Exercise instructions >>
For this exercise, please reproduce the records below word for word, from the first line through the line with "Embroidered Felt Tesco Bag".

(Dataset excerpts)
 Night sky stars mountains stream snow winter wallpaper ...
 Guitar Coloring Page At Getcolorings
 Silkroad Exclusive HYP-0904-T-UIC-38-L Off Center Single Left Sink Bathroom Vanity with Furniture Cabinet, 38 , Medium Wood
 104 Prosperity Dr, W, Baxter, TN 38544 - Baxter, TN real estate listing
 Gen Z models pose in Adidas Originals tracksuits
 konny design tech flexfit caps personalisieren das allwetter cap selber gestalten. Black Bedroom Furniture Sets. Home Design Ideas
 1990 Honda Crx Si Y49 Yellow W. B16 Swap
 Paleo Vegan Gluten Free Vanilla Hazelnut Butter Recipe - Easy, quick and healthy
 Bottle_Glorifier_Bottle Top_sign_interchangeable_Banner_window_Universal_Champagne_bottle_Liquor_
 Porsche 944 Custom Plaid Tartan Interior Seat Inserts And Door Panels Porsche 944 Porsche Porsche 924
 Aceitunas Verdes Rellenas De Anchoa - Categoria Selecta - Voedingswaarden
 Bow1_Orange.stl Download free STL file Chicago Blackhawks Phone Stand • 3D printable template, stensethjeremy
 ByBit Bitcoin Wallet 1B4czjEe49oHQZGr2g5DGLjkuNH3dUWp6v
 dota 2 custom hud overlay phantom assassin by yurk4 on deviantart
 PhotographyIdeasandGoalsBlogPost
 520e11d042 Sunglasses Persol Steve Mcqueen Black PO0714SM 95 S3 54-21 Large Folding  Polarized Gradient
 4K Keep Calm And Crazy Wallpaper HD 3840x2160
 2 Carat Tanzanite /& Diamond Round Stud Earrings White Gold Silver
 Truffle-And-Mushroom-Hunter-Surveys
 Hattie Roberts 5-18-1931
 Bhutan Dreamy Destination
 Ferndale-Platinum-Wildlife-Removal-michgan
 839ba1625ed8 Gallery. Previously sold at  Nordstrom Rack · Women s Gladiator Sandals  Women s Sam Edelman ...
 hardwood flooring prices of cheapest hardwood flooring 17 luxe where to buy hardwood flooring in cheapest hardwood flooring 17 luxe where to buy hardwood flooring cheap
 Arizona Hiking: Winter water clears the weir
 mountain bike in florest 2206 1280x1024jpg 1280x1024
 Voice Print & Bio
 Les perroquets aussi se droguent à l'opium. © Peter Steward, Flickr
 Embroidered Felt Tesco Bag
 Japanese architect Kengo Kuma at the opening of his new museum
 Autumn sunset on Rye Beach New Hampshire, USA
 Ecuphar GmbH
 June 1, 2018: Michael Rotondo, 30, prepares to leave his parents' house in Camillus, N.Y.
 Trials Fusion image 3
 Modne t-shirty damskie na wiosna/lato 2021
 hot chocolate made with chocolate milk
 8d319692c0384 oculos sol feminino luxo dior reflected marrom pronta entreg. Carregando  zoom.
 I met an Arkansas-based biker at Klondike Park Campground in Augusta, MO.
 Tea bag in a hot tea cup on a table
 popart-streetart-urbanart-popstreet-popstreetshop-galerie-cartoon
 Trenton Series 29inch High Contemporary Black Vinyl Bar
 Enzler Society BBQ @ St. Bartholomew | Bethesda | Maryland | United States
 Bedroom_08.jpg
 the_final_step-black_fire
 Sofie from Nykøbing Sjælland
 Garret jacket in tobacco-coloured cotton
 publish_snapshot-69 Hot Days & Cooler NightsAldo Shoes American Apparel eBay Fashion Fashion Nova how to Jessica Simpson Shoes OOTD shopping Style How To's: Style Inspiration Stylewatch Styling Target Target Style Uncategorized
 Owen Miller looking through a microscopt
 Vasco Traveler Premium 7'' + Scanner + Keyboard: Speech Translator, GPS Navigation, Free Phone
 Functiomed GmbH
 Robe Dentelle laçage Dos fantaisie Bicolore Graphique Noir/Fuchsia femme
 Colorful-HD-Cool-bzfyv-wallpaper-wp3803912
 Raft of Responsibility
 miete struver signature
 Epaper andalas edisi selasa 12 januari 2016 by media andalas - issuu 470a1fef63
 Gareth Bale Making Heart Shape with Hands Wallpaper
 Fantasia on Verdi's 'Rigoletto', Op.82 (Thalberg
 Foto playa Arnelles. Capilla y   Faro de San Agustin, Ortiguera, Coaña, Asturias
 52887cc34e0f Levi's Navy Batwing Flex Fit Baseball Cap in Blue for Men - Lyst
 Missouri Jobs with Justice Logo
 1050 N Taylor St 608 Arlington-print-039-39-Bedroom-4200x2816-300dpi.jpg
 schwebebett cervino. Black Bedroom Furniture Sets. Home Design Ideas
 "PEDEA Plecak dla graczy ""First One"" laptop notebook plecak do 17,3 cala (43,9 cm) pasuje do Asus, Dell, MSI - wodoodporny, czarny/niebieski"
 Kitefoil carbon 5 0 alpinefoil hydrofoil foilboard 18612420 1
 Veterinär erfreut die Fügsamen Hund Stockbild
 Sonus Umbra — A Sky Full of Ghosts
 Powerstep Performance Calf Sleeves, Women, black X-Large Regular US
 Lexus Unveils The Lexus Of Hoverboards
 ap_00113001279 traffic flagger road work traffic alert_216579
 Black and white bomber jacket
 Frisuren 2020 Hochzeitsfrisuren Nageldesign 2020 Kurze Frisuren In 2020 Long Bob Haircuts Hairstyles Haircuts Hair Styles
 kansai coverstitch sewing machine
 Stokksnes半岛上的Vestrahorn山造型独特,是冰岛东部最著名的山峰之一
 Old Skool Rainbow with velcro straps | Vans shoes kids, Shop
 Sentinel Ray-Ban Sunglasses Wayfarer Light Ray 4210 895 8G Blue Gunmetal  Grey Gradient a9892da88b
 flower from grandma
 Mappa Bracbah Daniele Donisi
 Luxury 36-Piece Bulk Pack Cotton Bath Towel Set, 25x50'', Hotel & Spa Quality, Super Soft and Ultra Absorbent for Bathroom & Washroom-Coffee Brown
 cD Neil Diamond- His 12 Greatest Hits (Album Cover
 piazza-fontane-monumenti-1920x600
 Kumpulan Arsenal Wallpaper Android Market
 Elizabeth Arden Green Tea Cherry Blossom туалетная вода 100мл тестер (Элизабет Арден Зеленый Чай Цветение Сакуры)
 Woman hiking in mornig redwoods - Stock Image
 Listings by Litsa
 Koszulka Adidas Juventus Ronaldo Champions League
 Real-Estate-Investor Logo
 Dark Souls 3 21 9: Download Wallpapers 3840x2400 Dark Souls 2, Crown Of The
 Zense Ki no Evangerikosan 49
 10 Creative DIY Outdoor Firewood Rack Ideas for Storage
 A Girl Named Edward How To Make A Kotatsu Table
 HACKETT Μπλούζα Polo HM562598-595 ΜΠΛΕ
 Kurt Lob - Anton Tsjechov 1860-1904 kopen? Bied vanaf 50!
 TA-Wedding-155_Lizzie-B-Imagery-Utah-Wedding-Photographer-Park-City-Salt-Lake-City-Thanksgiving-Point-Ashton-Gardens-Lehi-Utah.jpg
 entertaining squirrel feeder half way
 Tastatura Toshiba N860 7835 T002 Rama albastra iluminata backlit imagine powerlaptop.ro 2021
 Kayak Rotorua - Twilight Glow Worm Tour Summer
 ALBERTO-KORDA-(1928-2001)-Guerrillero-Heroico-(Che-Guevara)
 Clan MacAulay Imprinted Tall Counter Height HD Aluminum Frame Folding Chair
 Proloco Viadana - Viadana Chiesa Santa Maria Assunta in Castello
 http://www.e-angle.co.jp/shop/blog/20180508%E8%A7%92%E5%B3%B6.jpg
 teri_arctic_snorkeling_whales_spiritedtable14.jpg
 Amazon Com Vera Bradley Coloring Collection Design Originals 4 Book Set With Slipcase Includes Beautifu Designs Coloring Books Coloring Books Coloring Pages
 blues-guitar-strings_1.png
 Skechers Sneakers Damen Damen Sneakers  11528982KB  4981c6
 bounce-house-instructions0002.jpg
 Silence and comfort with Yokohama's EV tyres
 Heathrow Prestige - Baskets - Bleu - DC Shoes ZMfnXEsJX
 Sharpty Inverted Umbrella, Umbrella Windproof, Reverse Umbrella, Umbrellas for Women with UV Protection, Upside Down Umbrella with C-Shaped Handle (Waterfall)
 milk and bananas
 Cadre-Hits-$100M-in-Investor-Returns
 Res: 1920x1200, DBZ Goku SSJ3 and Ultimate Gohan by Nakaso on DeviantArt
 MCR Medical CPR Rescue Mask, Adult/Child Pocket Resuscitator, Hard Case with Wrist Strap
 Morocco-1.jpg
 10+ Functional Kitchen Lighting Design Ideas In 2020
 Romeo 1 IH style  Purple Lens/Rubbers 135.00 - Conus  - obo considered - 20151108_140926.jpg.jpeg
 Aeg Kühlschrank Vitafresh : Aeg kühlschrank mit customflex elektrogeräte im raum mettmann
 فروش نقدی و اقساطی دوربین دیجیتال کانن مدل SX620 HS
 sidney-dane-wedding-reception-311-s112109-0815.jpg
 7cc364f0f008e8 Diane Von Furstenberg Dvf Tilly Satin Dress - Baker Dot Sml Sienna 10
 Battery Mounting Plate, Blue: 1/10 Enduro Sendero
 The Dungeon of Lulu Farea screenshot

Exercise response >>
 Night sky stars mountains stream snow winter wallpaper ...
 Guitar Coloring Page At Getcolorings
 Silkroad Exclusive HYP-0904-T-UIC-38-L Off Center Single Left Sink Bathroom Vanity with Furniture Cabinet, 38 , Medium Wood
 104 Prosperity Dr, W, Baxter, TN 38544 - Baxter, TN real estate listing
 Gen Z models pose in Adidas Originals tracksuits
 konny design tech flexfit caps personalisieren das allwetter cap selber gestalten. Black Bedroom Furniture Sets. Home Design Ideas
 1990 Honda Crx Si Y49 Yellow W. B16 Swap
 Paleo Vegan Gluten Free Vanilla Hazelnut Butter Recipe - Easy, quick and healthy
 Bottle_Glorifier_Bottle Top_sign_interchangeable_Banner_window_Universal_Champagne_bottle_Liquor_
 Porsche 944 Custom Plaid Tartan Interior Seat Inserts And Door Panels Porsche 944 Porsche Porsche 924
 Aceitunas Verdes Rellenas De Anchoa - Categoria Selecta - Voedingswaarden
 Bow1_Orange.stl Download free STL file Chicago Blackhawks Phone Stand • 3D printable template, stensethjeremy
 ByBit Bitcoin Wallet 1B4czjEe49oHQZGr2g5DGLjkuNH3dUWp6v
 dota 2 custom hud overlay phantom assassin by yurk4 on deviantart
 PhotographyIdeasandGoalsBlogPost
 520e11d042 Sunglasses Persol Steve Mcqueen Black PO0714SM 95 S3 54-21 Large Folding  Polarized Gradient
 4K Keep Calm And Crazy Wallpaper HD 3840x2160
 2 Carat Tanzanite /& Diamond Round Stud Earrings White Gold Silver
 Truffle-And-Mushroom-Hunter-Surveys
 Hattie Roberts 5-18-1931
 Bhutan Dreamy Destination
 Ferndale-Platinum-Wildlife-Removal-michgan
 839ba1625ed8 Gallery. Previously sold at  Nordstrom Rack · Women s Gladiator Sandals  Women s Sam Edelman ...
 hardwood flooring prices of cheapest hardwood flooring 17 luxe where to buy hardwood flooring in cheapest hardwood flooring 17 luxe where to buy hardwood flooring cheap
 Arizona Hiking: Winter water clears the weir
 mountain bike in florest 2206 1280x1024jpg 1280x1024
 Voice Print & Bio
 Les perroquets aussi se droguent à l'opium. © Peter Steward, Flickr
 Embroidered Felt Tesco Bag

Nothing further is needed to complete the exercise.